How to protect yourself: Be cautious of QR codes in public spaces, especially stickers placed over other QR codes. Preview the URL after scanning but before opening it. Use our QR Code Scanner to safely decode and check QR codes for malicious links.
10. AI-Powered Scams
This is the one that keeps me up at night. AI hasn't just made scams more common - it's made them fundamentally harder to detect. AI voice cloning can mimic a family member's voice in a phone call asking for emergency money. AI-generated deepfake videos can impersonate public figures promoting fake investments. AI chatbots can conduct convincing conversations on dating apps or in customer service impersonation scams. AI-written phishing emails are polished, personalized, and free of the grammatical errors that used to be red flags.
These AI-powered scams are harder to detect because they remove many of the traditional warning signs people rely on.
How to protect yourself: Establish a family code word for emergency situations to verify identity over the phone. Be skeptical of any unsolicited contact, even if the voice or video seems familiar. Verify requests for money through a separate communication channel, if "your boss" emails asking for a wire transfer, call them directly to confirm.

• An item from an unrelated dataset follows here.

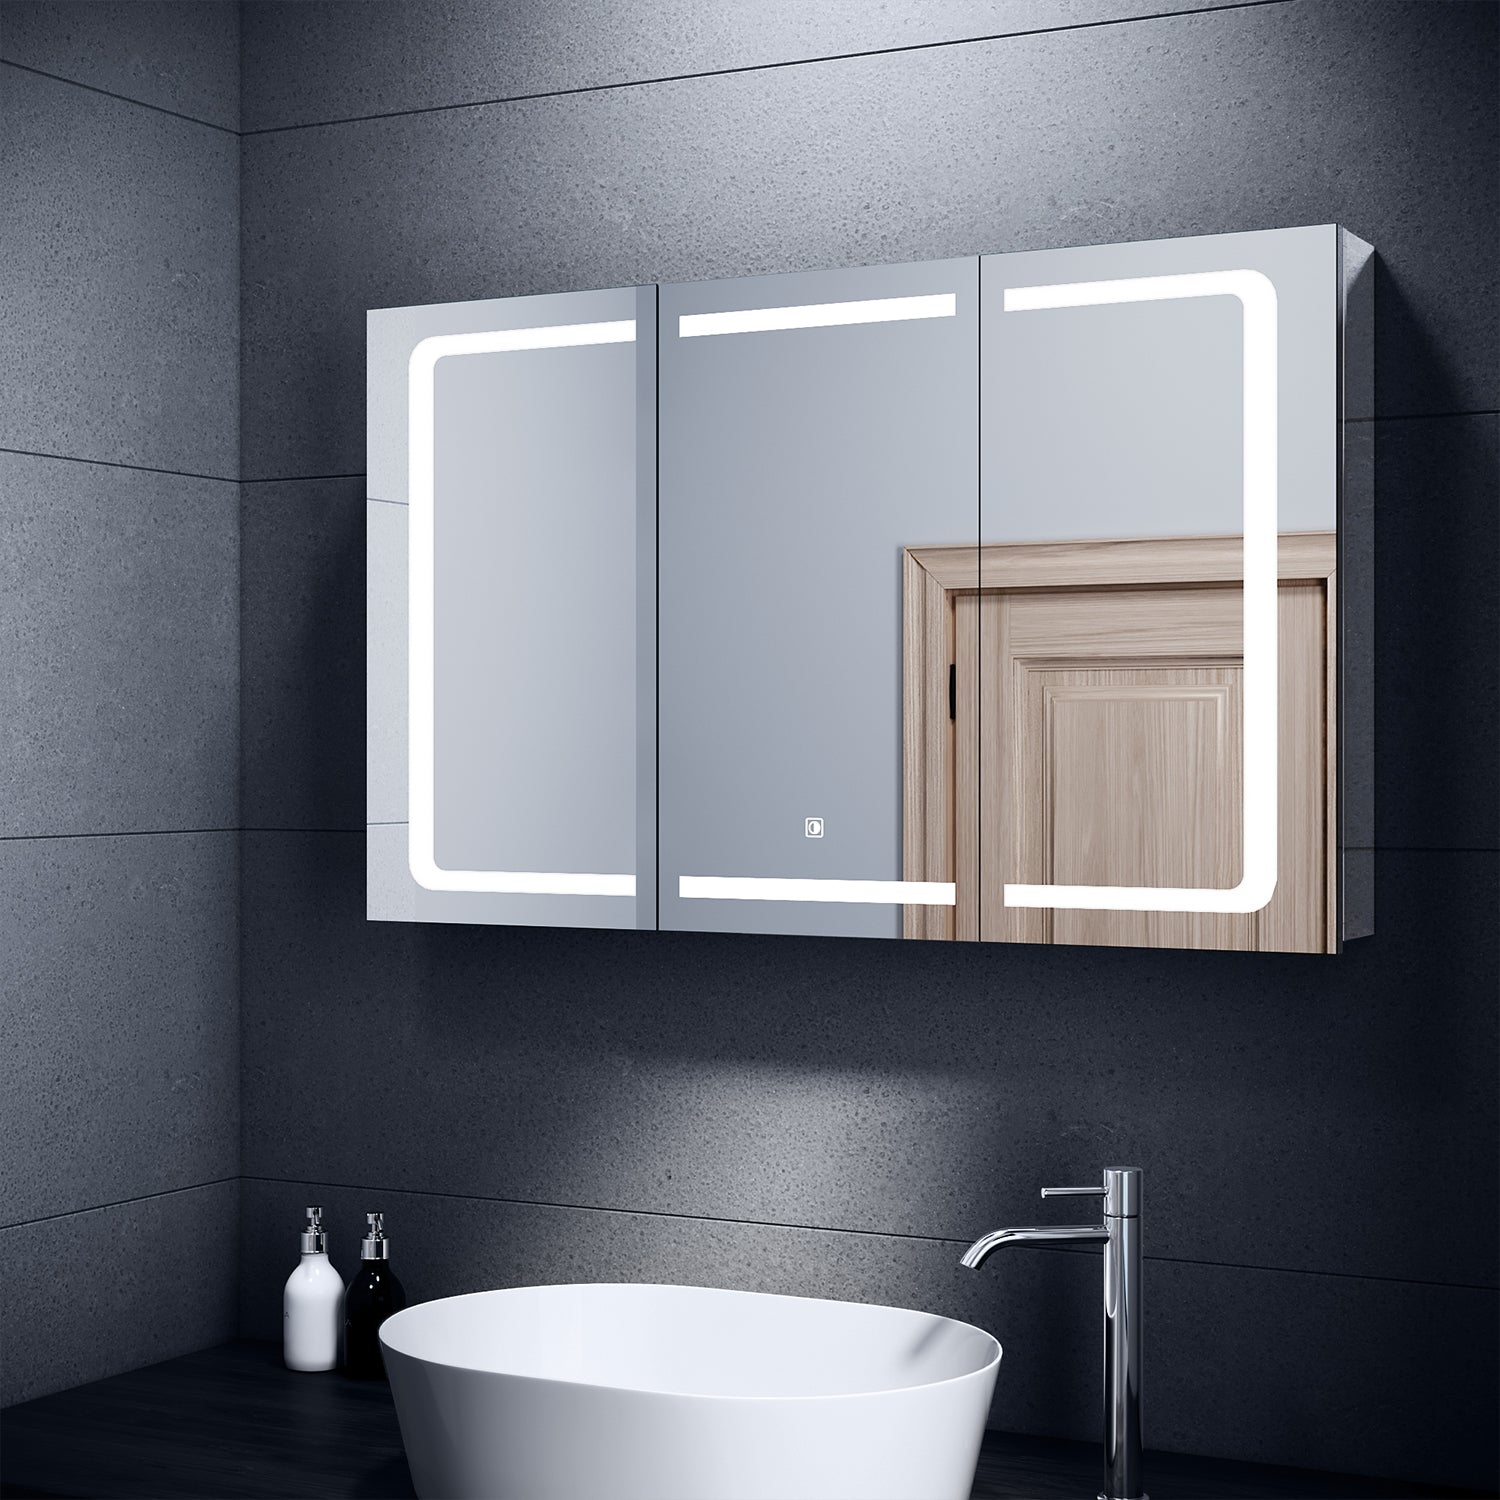 SONNI Spiegelschrank mit Beleuchtung LED Spiegelschrank Badezimmer mit Touchschalter und Steckdose Edelstah 1050x650mm

General Rules to Stay Safe
While each scam has specific red flags, these universal principles protect you against virtually all of them:
If something creates urgency, "act now," "limited time," "your account will be closed", slow down. Urgency is the scammer's most powerful tool. Legitimate organizations give you time to think and verify.

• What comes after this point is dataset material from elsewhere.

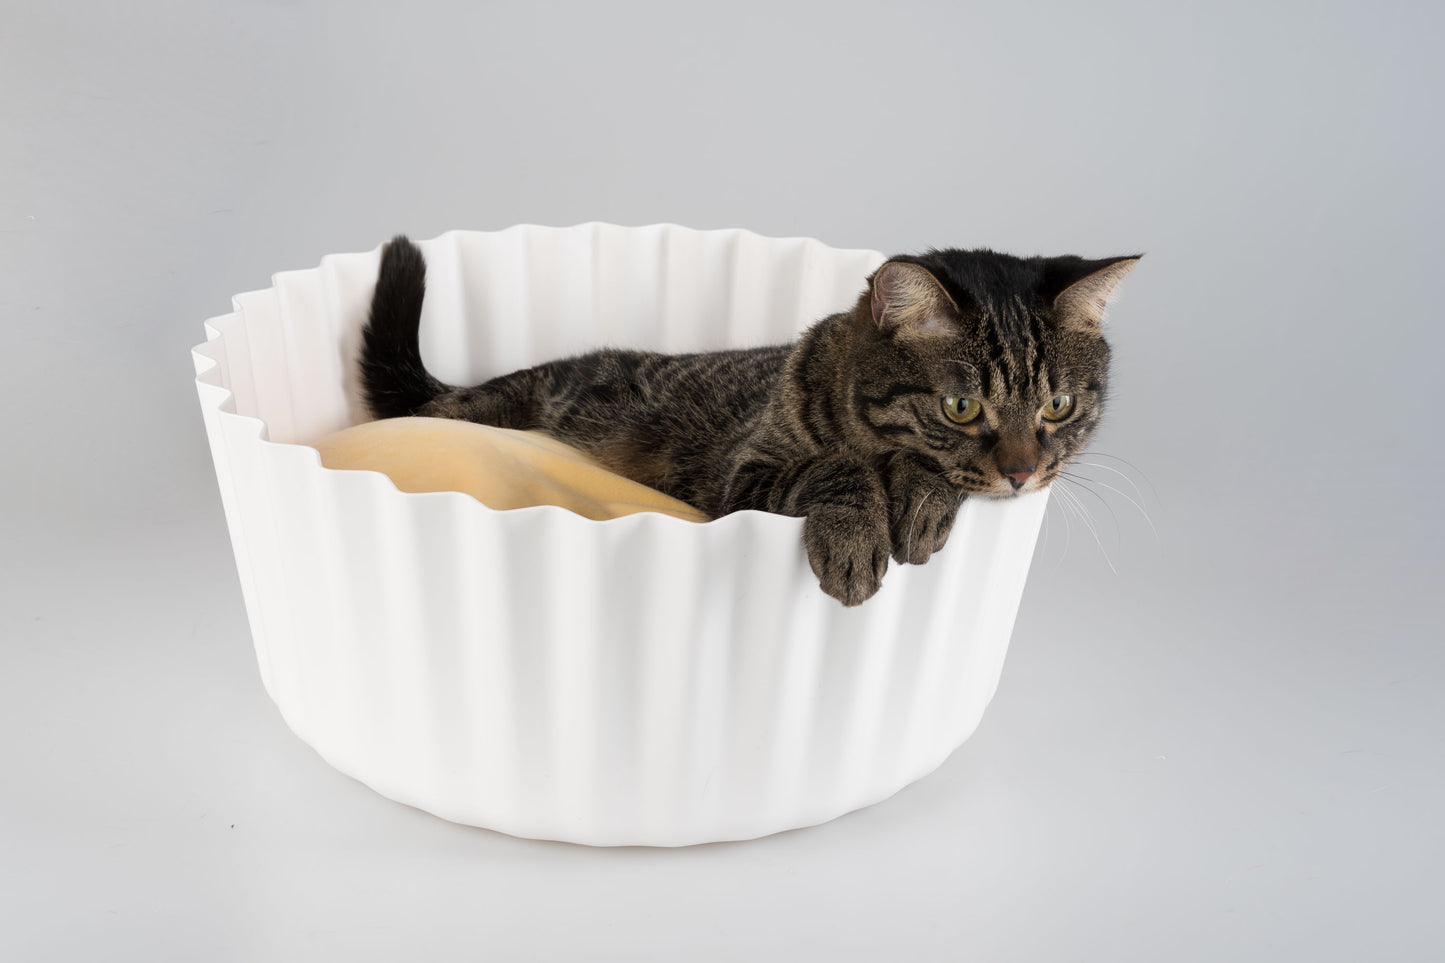 Cupcake cat bed

If something seems too good to be true, amazing deals, guaranteed returns, free prizes, it is. Real opportunities rarely come from unsolicited messages.
Verify independently. Don't use the contact information provided in the suspicious message. Look up the company's real phone number or website yourself and verify through that channel.

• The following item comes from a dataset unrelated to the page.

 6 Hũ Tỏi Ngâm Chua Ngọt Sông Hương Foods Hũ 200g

Protect your payment information. Never pay via gift cards, cryptocurrency, or wire transfers to someone you don't know. Use credit cards when possible, they have fraud protection that other payment methods lack.
Use security tools. Check suspicious URLs before clicking them, analyze suspicious texts and emails, and scan files before opening them. Tools like ScanTotal exist to help you verify threats quickly and for free.
Frequently Asked Questions
What is the most common online scam?
Phishing remains the most common. Attackers send fake emails and texts impersonating trusted companies to steal credentials and personal information. It accounts for the majority of reported cybercrimes worldwide.
How do I report an online scam?
In the US, report to the FTC at reportfraud.ftc.gov and the FBI's IC3 at ic3.gov. In the UK, use Action Fraud. In Australia, use Scamwatch. Also report phishing to the company being impersonated and forward scam texts to 7726.
Can I get my money back if I was scammed?
It depends on the payment method. Credit cards have chargeback protections. Bank transfers are harder to reverse but contact your bank immediately. Cryptocurrency and gift card payments are nearly impossible to recover.
How do scammers get my phone number or email?
From data breaches, public social media profiles, purchased marketing lists, random generation, and web scraping. Check if your email has been breached at haveibeenpwned.com.
The Bottom Line
Every scam on this list - from AI voice cloning to fake AusPost texts - runs on the same psychological playbook: urgency, fear, greed, or trust. The technology changes every year, but those levers don't. Once you train yourself to pause when you feel pressured, to verify through a separate channel, and to treat urgency as a red flag rather than a reason to hurry - you're genuinely hard to scam. Not impossible. But hard. And that's enough.